> Provided entries

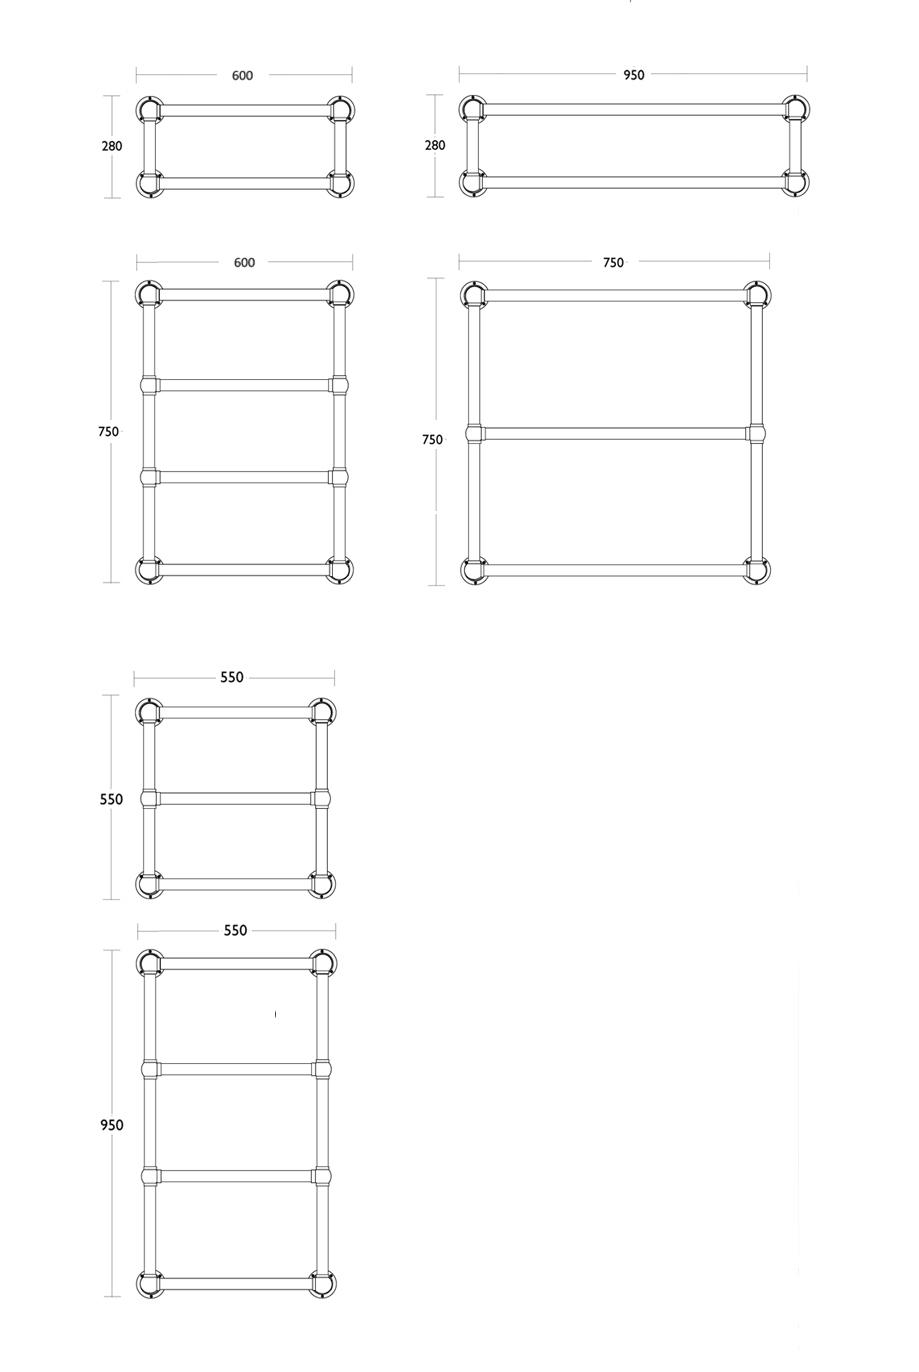 Tolle Heizsystem Design Guide Fotos - Der Schaltplan - triangre.info
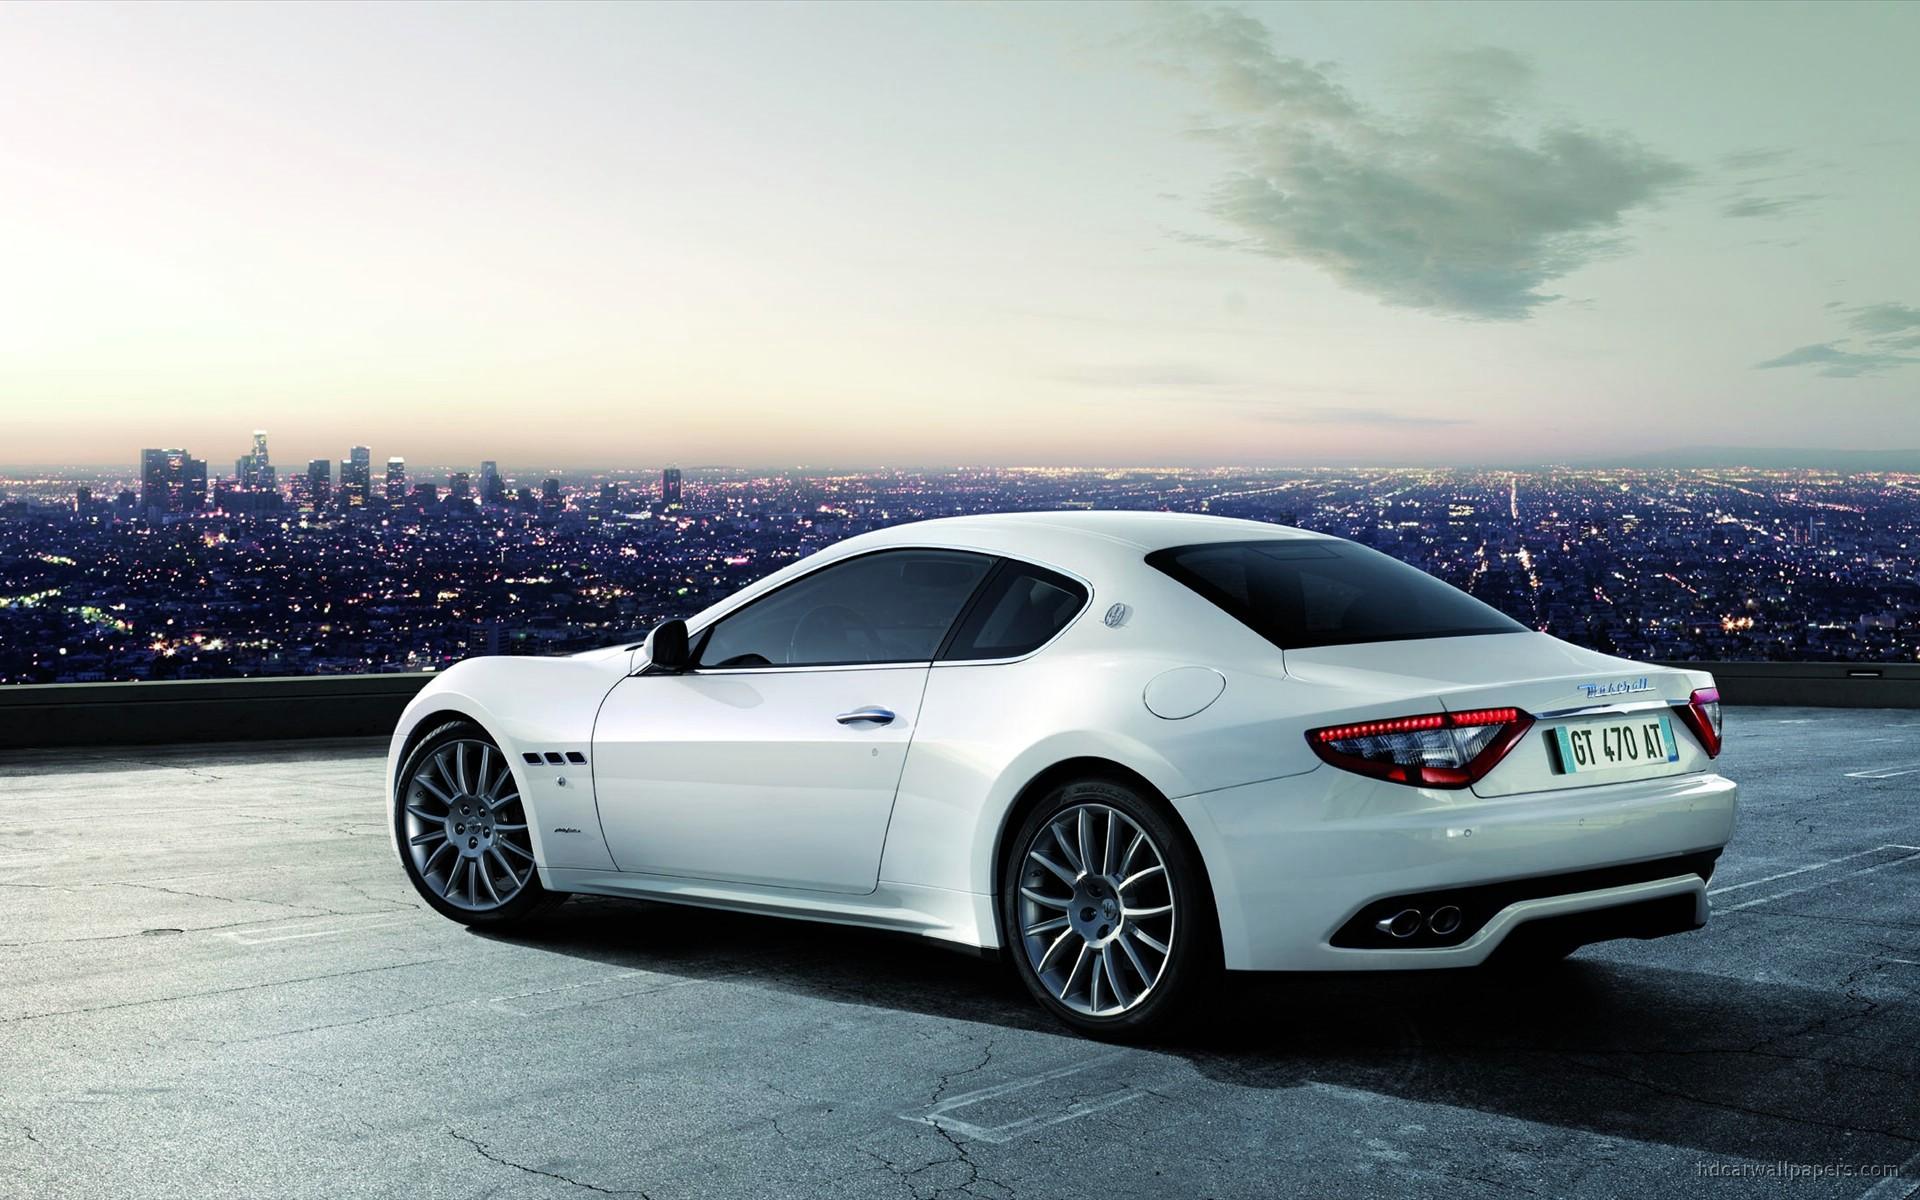 2010 Maserati Granturismo S Automatic Wallpaper  Hd Car
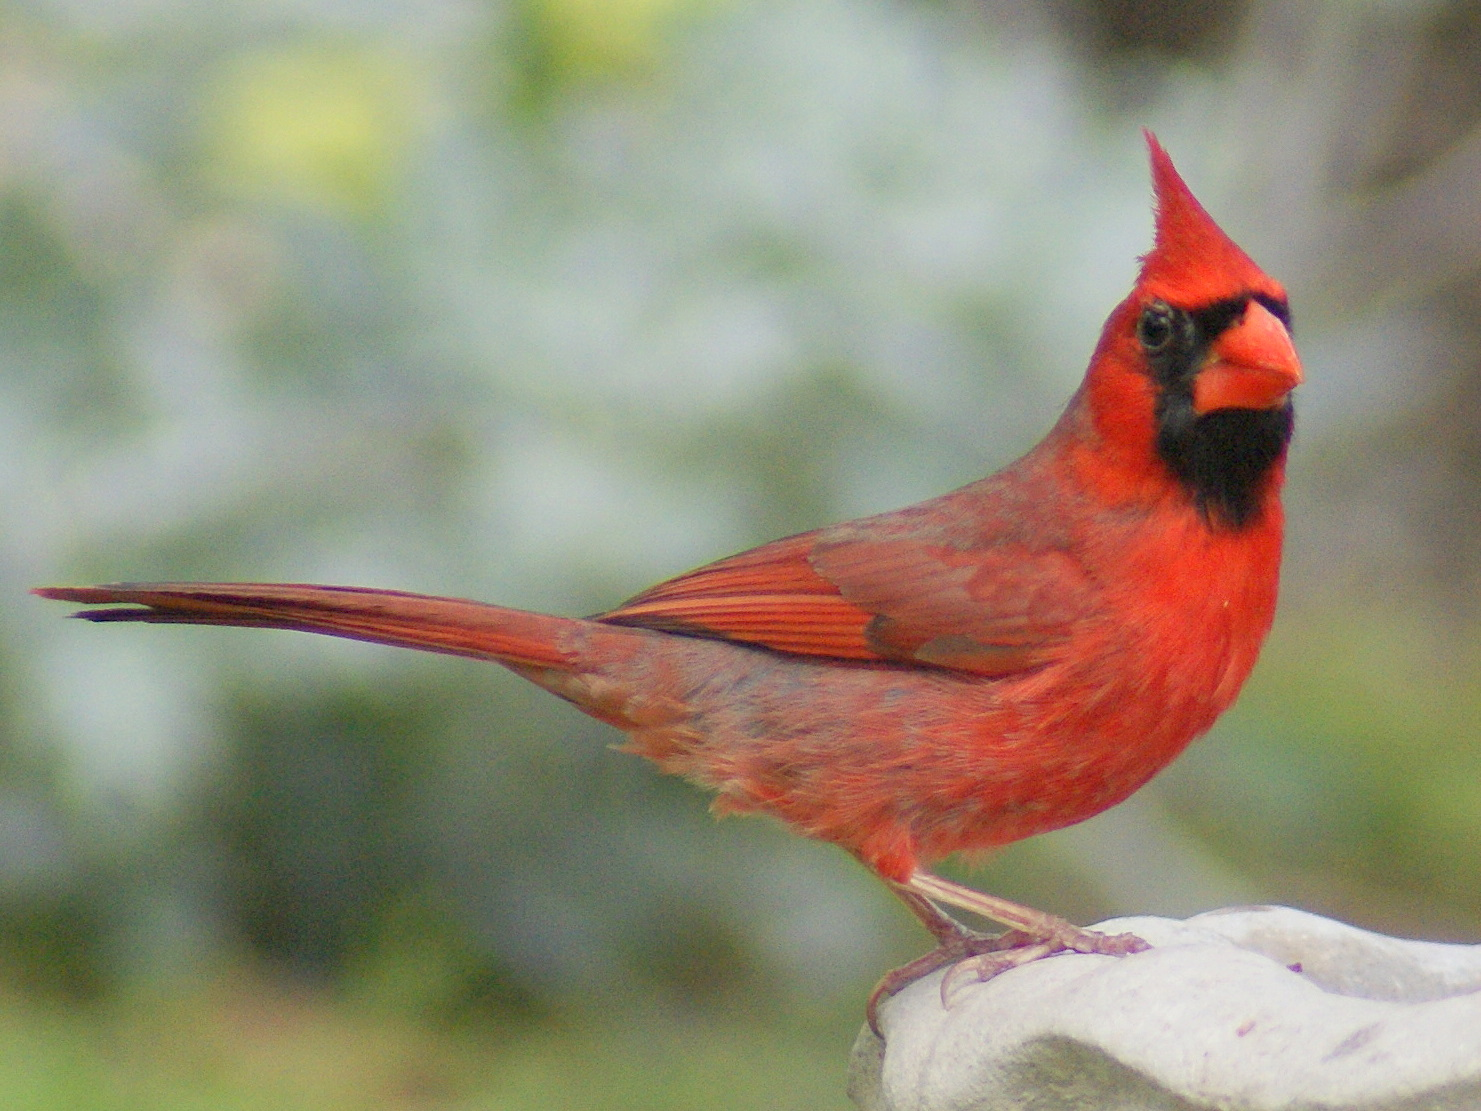 cardinalscardinal birdflying cardinalsweet cardinalsred cardinal 1481x1111
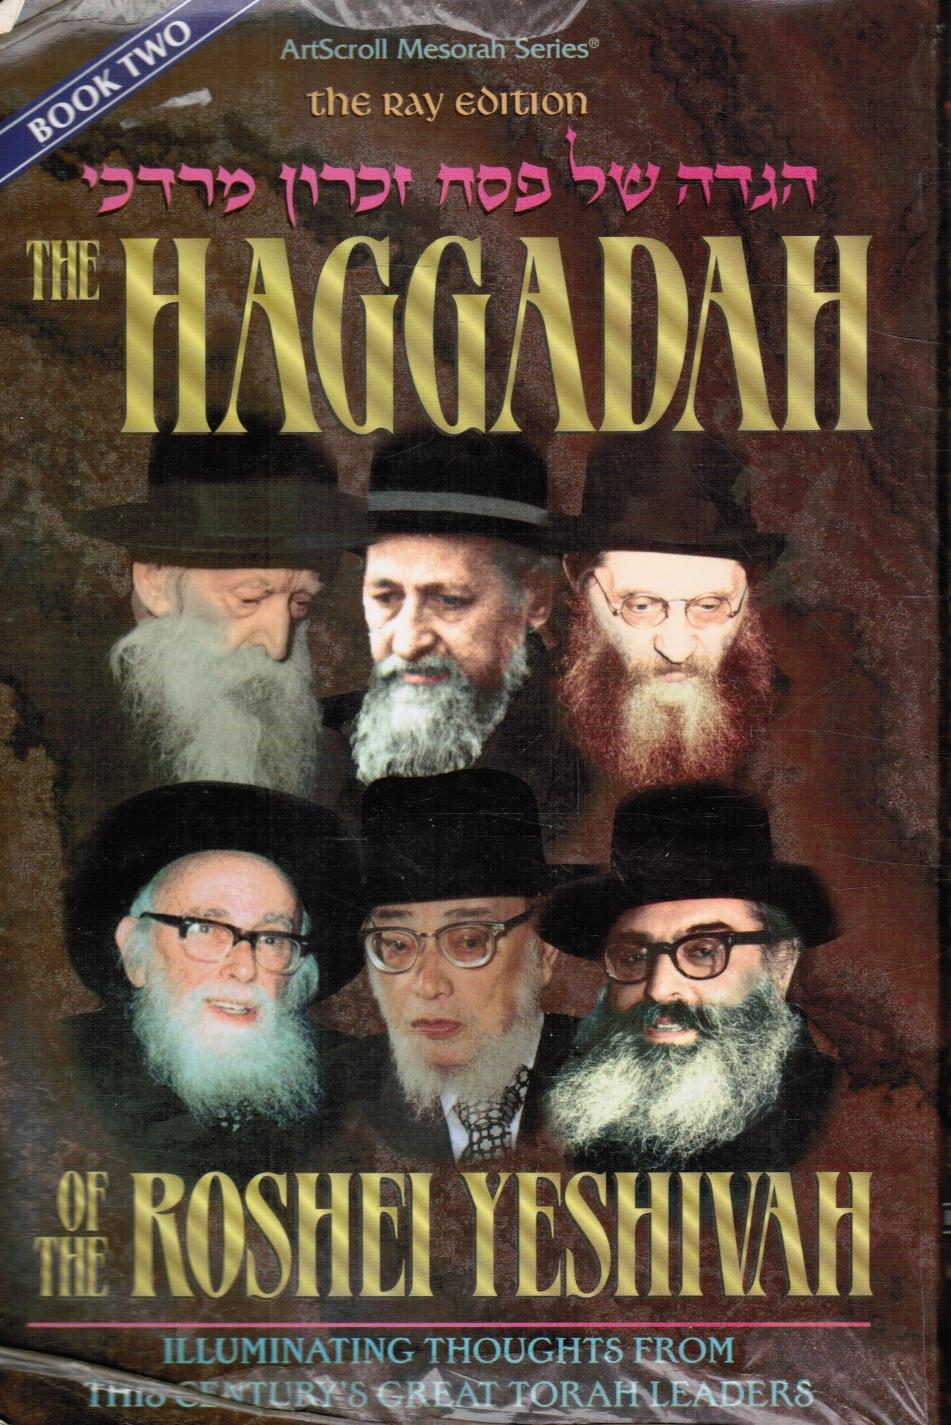 Image for Haggadah of the Roshei Yeshiva : Book 2
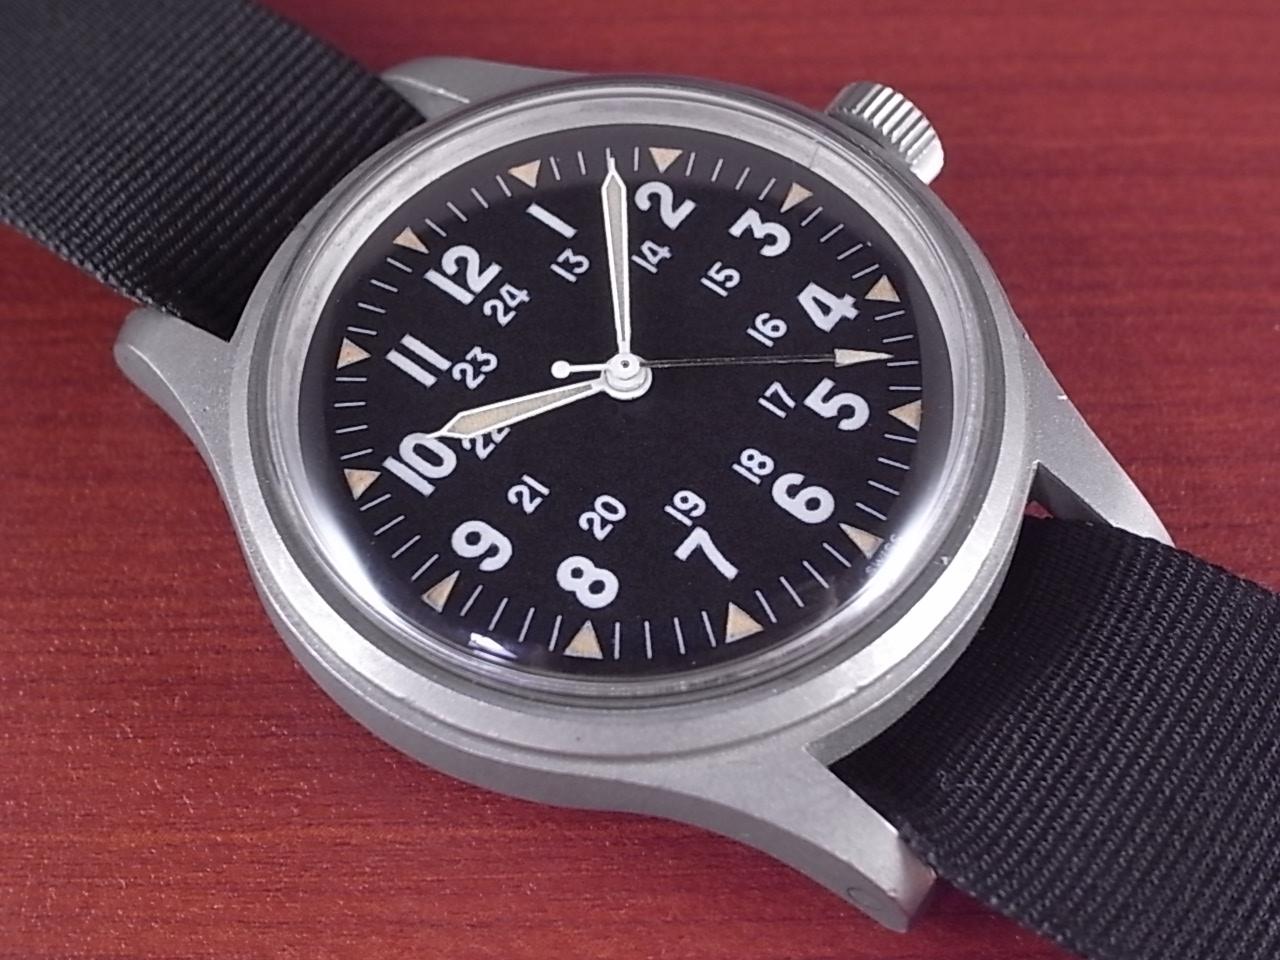 ハミルトン アメリカ空軍 FAPD 5101 TYPE1ナビゲーション ベトナム戦争 1970年代のメイン写真

> What is needed
Print the lines from the line with "2010 Maserati Granturismo" to the end of the data above. Include both ends, exclude the pictures, and add nothing else.

> Task response
 2010 Maserati Granturismo S Automatic Wallpaper  Hd Car
 cardinalscardinal birdflying cardinalsweet cardinalsred cardinal 1481x1111
 Image for Haggadah of the Roshei Yeshiva : Book 2
 ハミルトン アメリカ空軍 FAPD 5101 TYPE1ナビゲーション ベトナム戦争 1970年代のメイン写真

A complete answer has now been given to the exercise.